The public loses its ability to monitor its government, and the government loses the ability to monitor itself. Oversight, subpoenas, and investigations are all creatures of the calendar—every act of fact-finding, every witness summons, every document request, every hearing notice depends on a legislative day to give it legal force.

When the calendar stops, compliance deadlines freeze, giving targets an excuse to stall or destroy records. Agencies can ignore document requests without consequence because there’s no convened authority to back them.

Congressional subpoenas draw power from an active committee of an active chamber. When the House is not in session, the Clerk’s office and the Sergeant at Arms can’t process or enforce them.

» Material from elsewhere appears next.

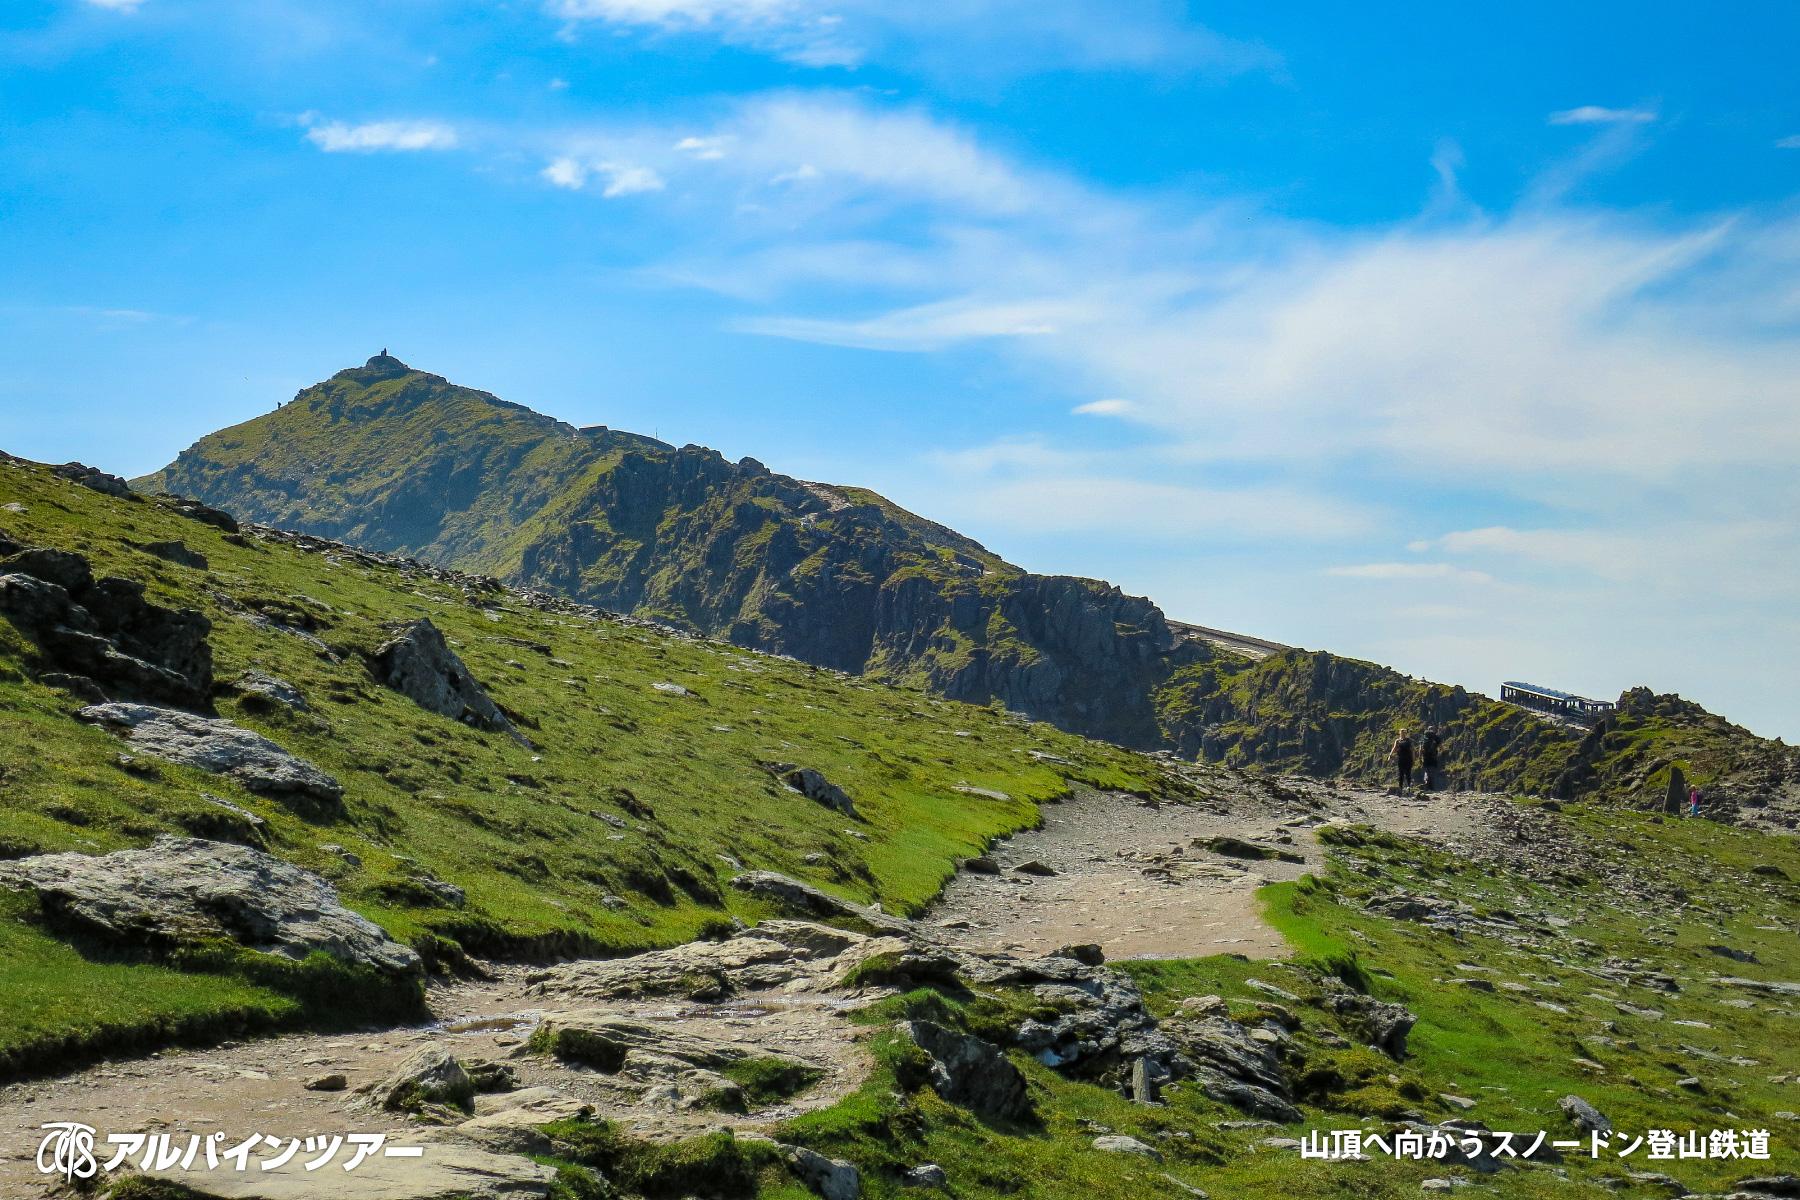 【今日の名峰】 スノードン(1,085m)

If a committee’s authority expires or the session lapses, pending subpoenas can be challenged in court as unenforceable because Congress itself is technically adjourned. Recipients exploit that, arguing that “no active Congress” means “no active compulsory power.”

Without a session to hang them on, committees can’t schedule hearings, report findings, or issue subpoenas. Extended, unscheduled recesses break quorum cycles, which means committees can’t technically meet at all—let alone vote to compel testimony.

Whistleblowers have no entity for which to whistle. Staff authority to conduct depositions, interviews, or travel investigations exists only “under direction of a sitting committee.”

When the House isn’t formally convened, that direction disappears; staff are barred from continuing fieldwork, their authority dissolved. Investigations stall, evidence vanishes, witnesses step back, and oversight momentum dies.

The power to demand answers—a cornerstone of congressional authority—simply evaporates.

III. And then there’s the Constitution…

Under Article I, the House of Representatives exists not merely to legislate, but to serve as the people’s check on an unruly executive. It is the constitutional barrier through which every act of presidential power must pass for scrutiny.

When that barrier is suspended, even briefly, the balance between the branches tilts. The executive no longer faces a coequal body capable of restraint—only a silent one.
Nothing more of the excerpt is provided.